Section 3(k) of the Patents Act, 1970 excludes mathematical methods, business methods, algorithms and computer programmes per se from patentable subject matter.This provision has been a boon for software firms and coders by ensuring that India is free from the patent battles in the software arena fought in other parts of the world.

This provision has withstood many covert and overt attempts at changing it or diluting it at the behest of the multi national patent holders. Steps were taken to change this law by an amendment in 2005 and to circumvent the exclusion by means of clauses in the draft Manual of Patent Office Practice and Procedure issued in 2008. None of these succeeded, thankfully.

The proposal for amendment did not succeed as the legislature firmly objected to the proposal to extend patentability to computer programs with “technical application to industry” in the Patent Amendments Bill, 2005 for the reason that the amendment will only benefit Multinational Corporations. The Patent Manual, on the other hand, was finalized in 2011 after extensive consultations with stakeholders and the Manual categorically states that patent applications related to mathematical methods, business methods and algorithms, even if it describes technological development are considered to be not patentable. The legislature inspired by the generic pharmaceutical industry story wanted to do the same for software.

The spectre of software patents has now re-emerged, thanks to the “Guidelines for Examination of Computer Related Inventions (CRIs)” issued by the Patent Office on August 21, 2015. The new guidelines, although ostensibly issued with the aim to foster uniformity and consistency in the examination of CRI applications have completely reversed the position in the 2011 Patent Manual and gone against the provisions in Section 3(k) of the Act by allowing for patenting of computer programmes and even mathematical methods. No wonder the likes of Business Software Alliance and USIBC welcomed this change. The 2015 Guidelines state that so long as a computer program is not claimed “in itself”, but is claimed in such a manner as to establish industrial applicability while fulfilling all other patentability criteria, the patent should not be denied. Thus, the expansion of patentability of software based on “technical application to industry” that the legislature prevented in 2005 has now been allowed through the back-door.

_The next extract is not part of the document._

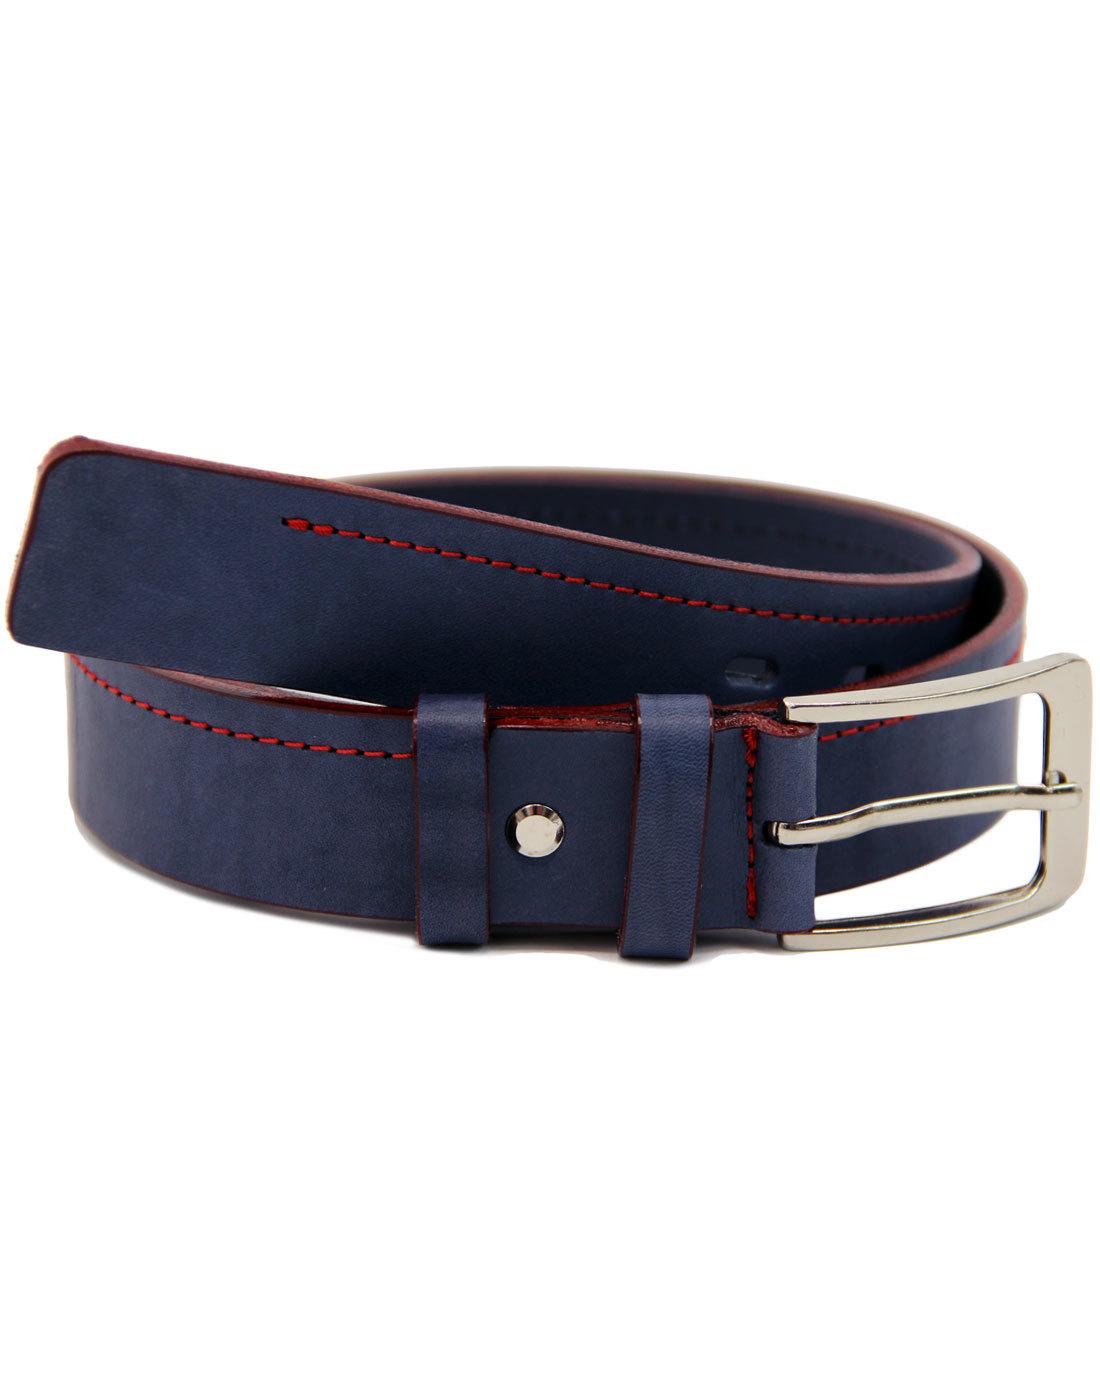 LACUZZO Men's Retro 1960s Mod Red Stitch Leather Belt in Navy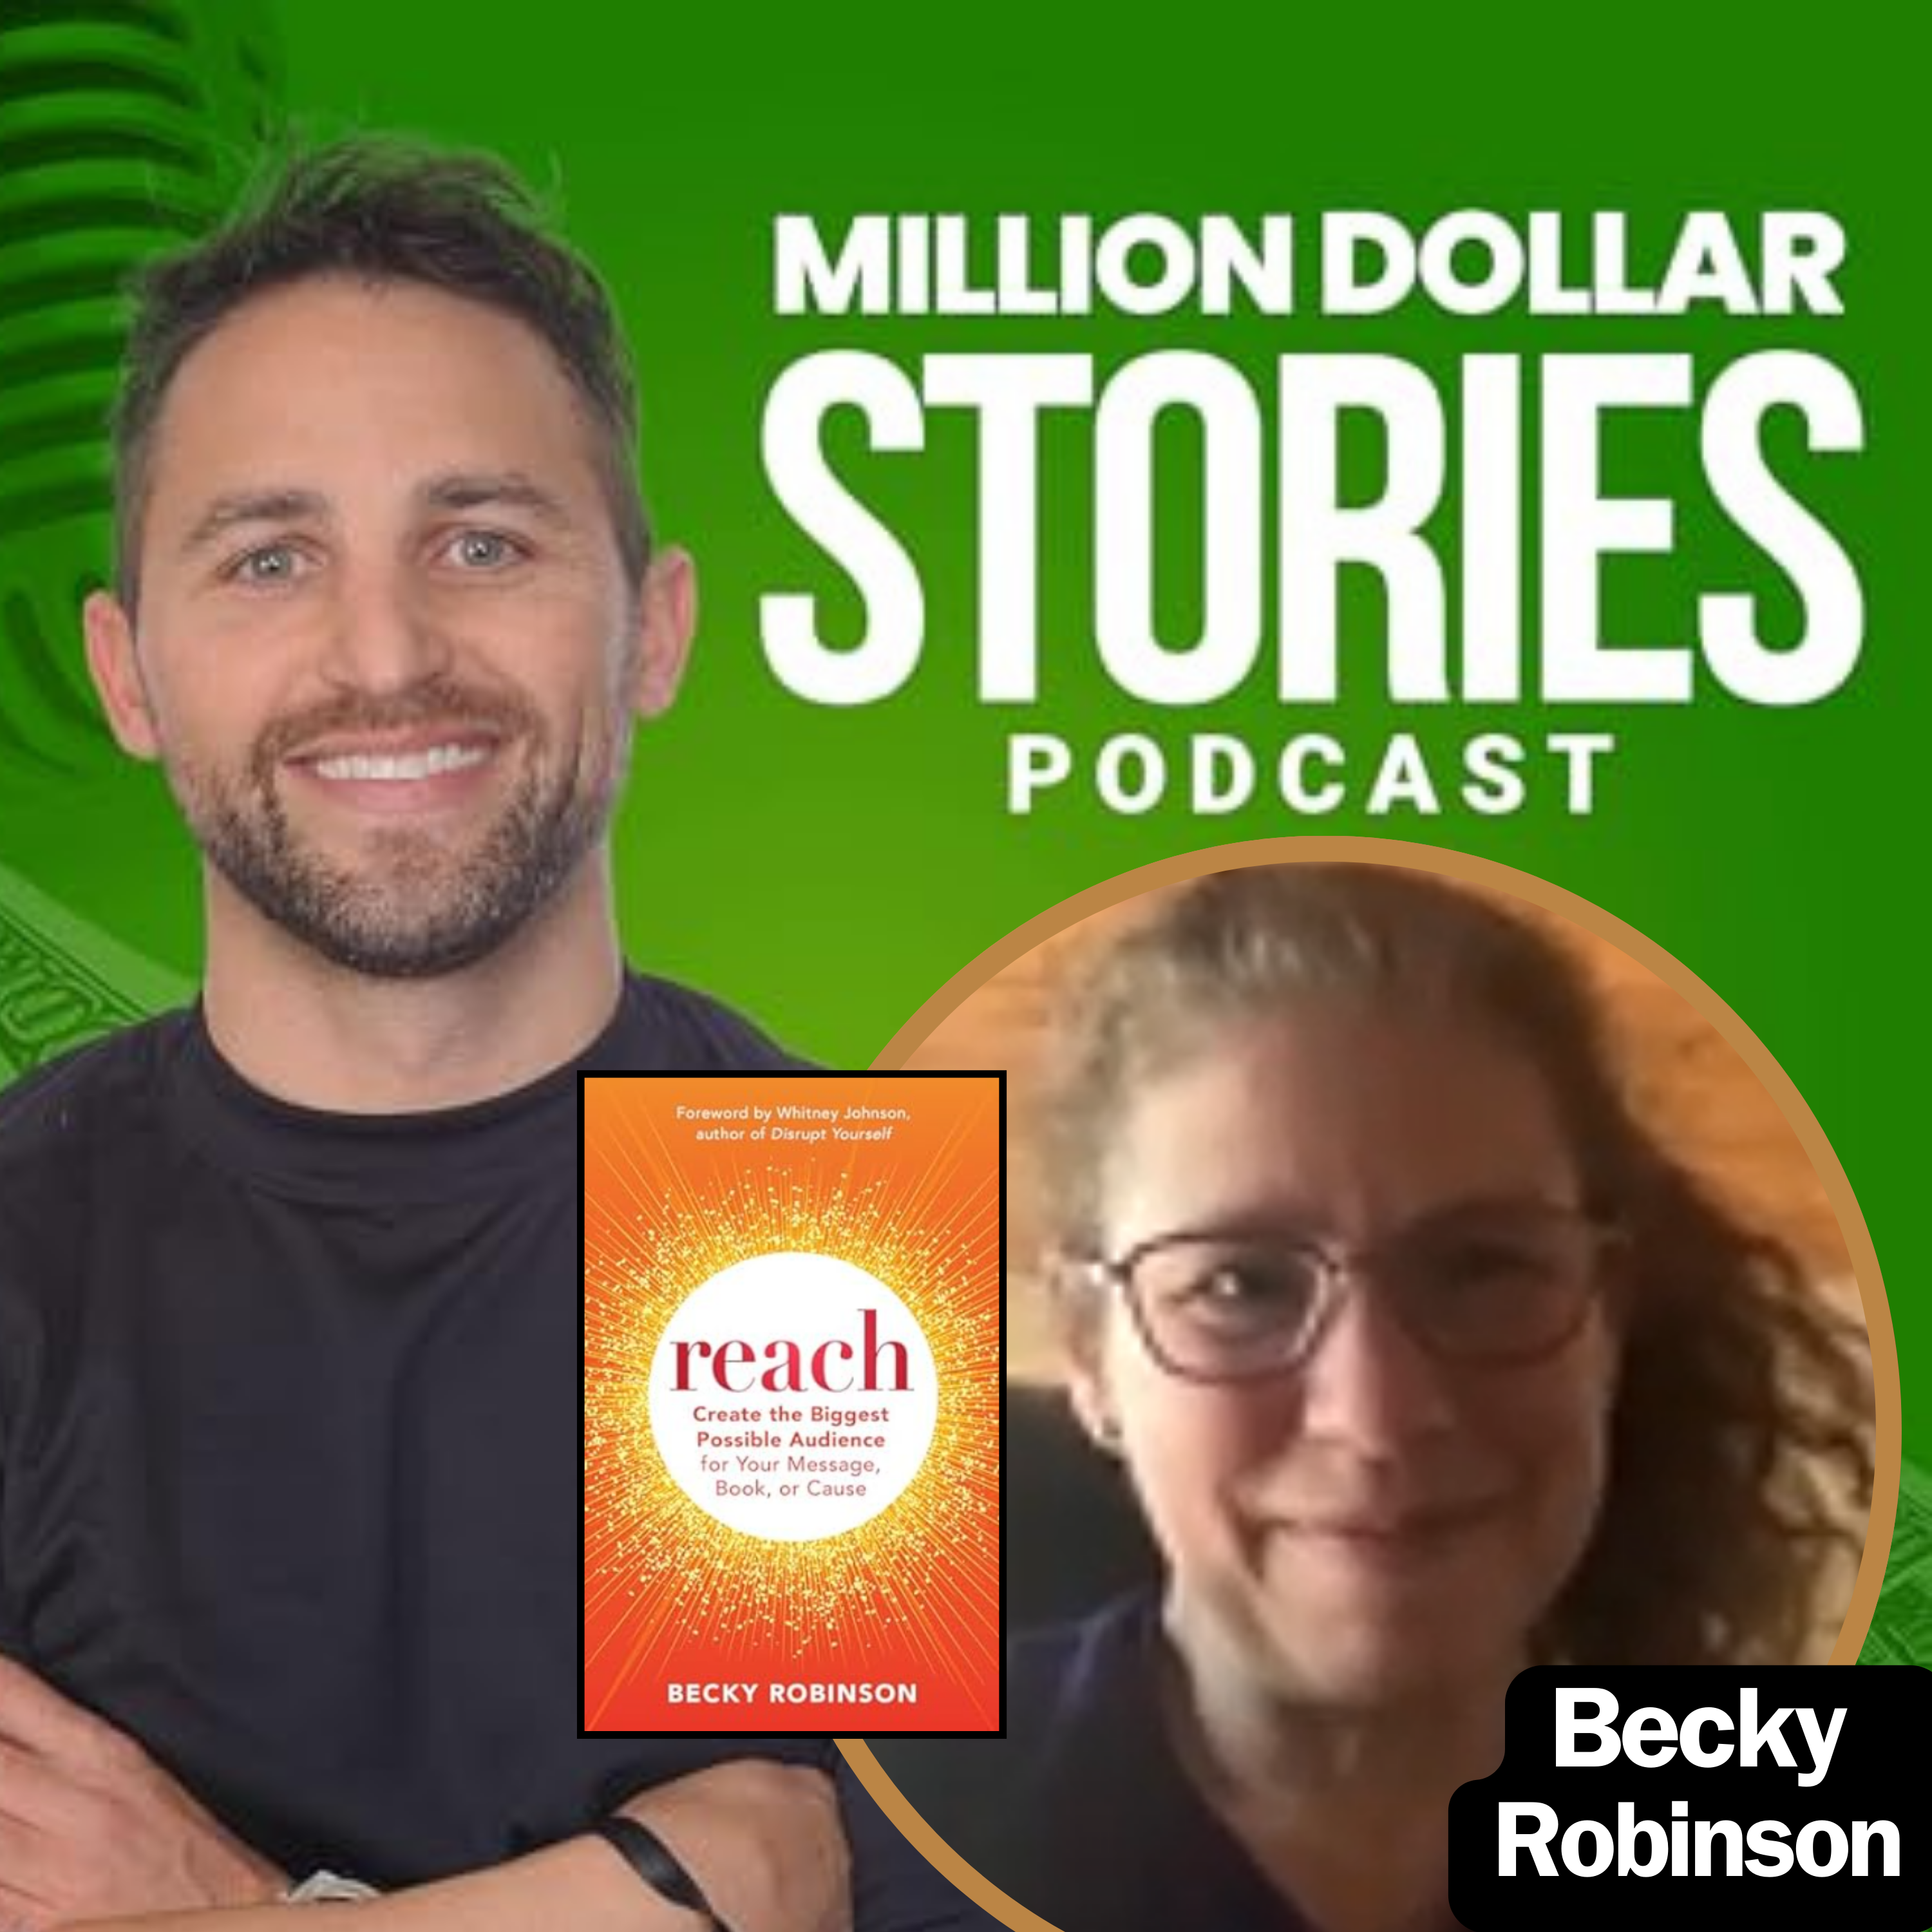 Becky Robinson – Author of “Reach: Create the Biggest Possible Audience for Your Message, Book, or Cause”

The new guidelines, by interpreting Section 3(k) in a manner that allows for granting of patents in the area of software, could result in programmers and startups having to write code in perpetual fear of infringing on some patent or the other. Boundaries of protection claimed by Software patents are often hazy and this results in patents in the area of software being the most litigated.

It is essential to take urgent steps to ensure that these guidelines are recalled so that Indian companies and developers can continue to innovate and write code without fear of being dragged into courtrooms for patent infringement.